### Supplied information
===

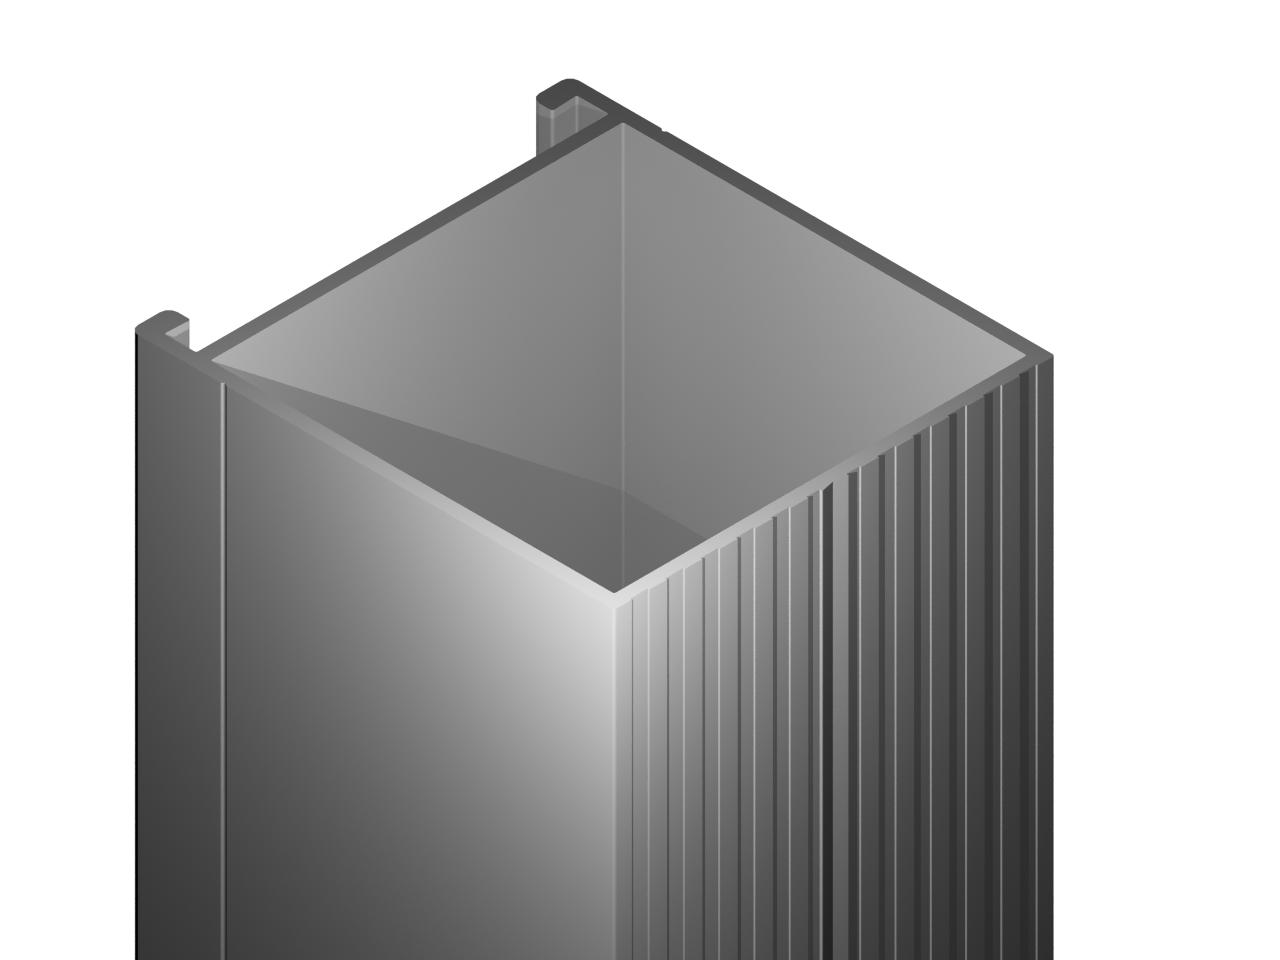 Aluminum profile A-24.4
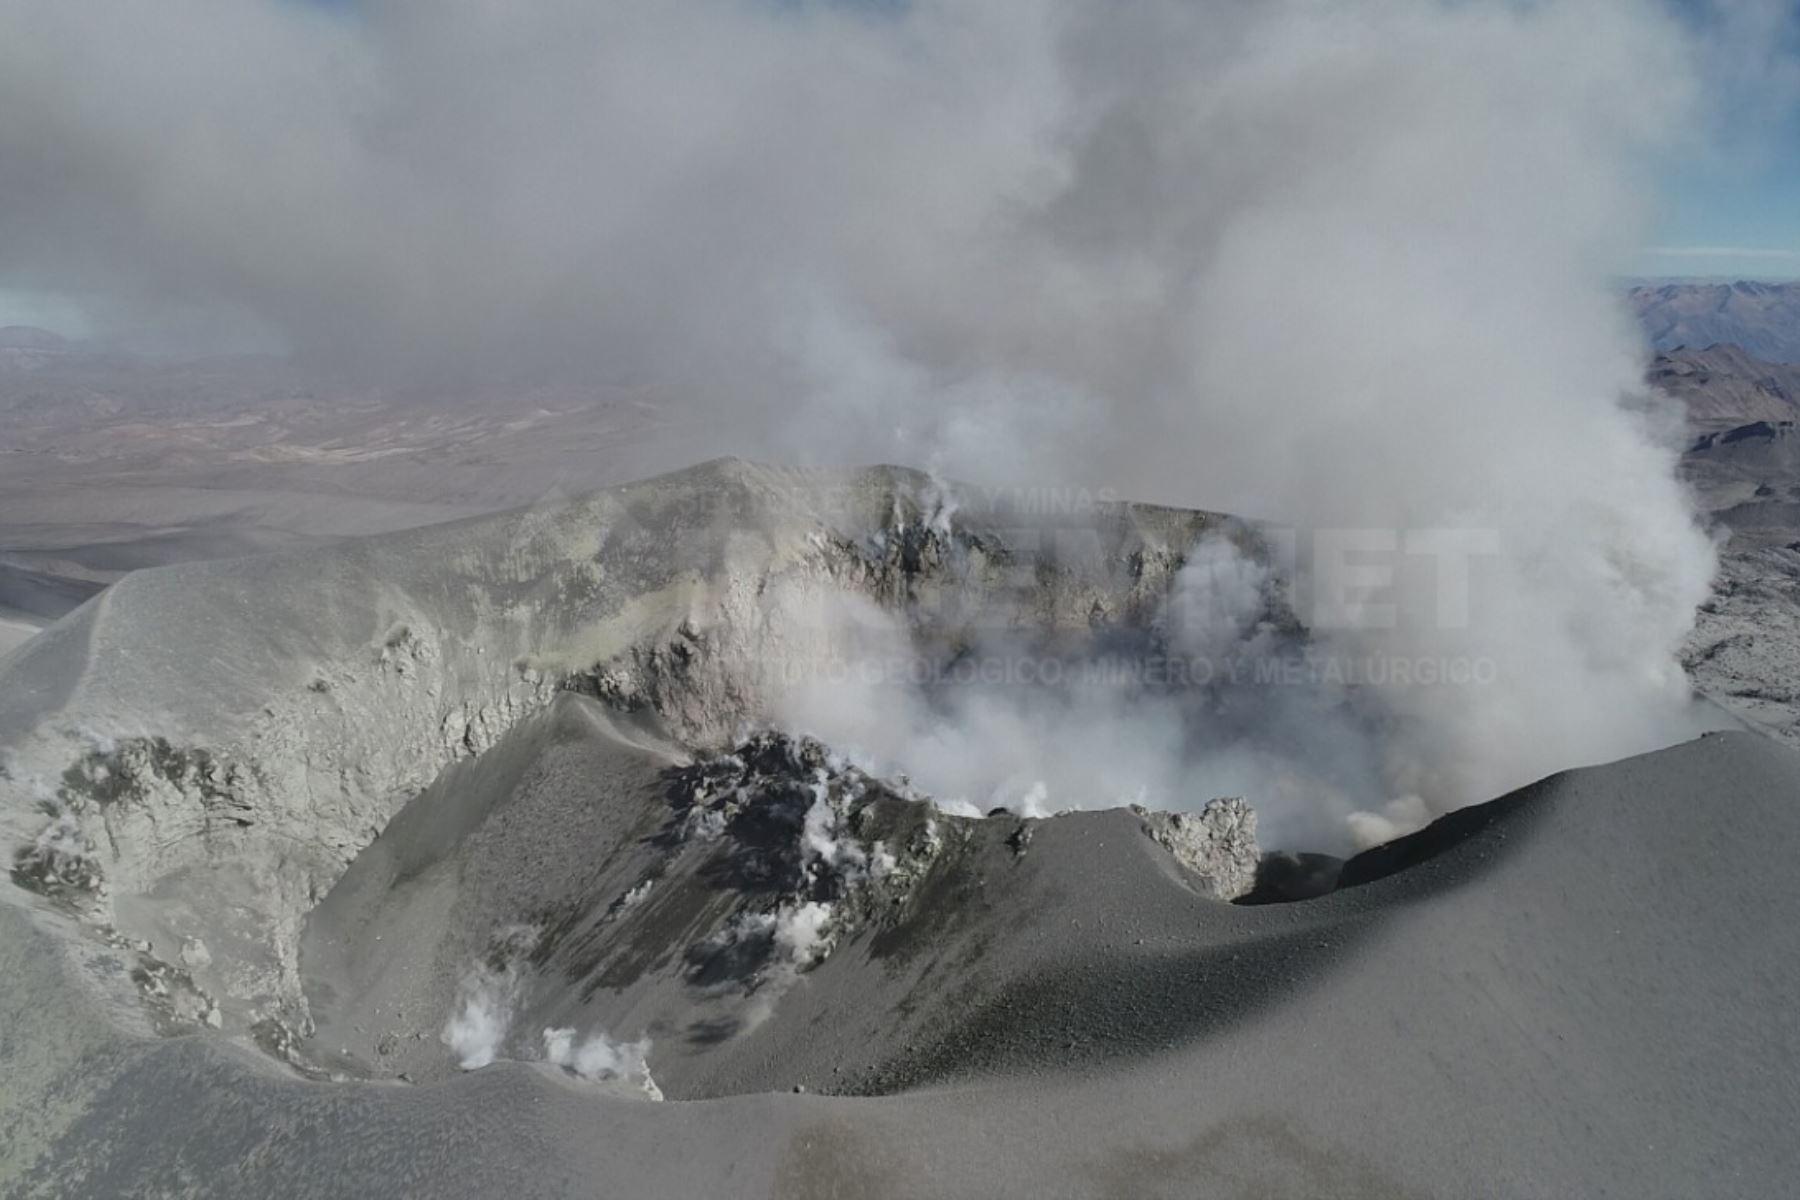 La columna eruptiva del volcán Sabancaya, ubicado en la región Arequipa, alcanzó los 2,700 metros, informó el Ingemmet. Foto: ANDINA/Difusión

===

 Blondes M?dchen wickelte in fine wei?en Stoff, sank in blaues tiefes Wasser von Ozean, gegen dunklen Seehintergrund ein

===

### Exercise
Within the listing above, the stretch from the line with "Aluminum profile A-24.4" down to the line with "La columna eruptiva" is to be given again exactly, end lines included and pictures excluded.

### Answer to the problem
 Aluminum profile A-24.4
 La columna eruptiva del volcán Sabancaya, ubicado en la región Arequipa, alcanzó los 2,700 metros, informó el Ingemmet. Foto: ANDINA/Difusión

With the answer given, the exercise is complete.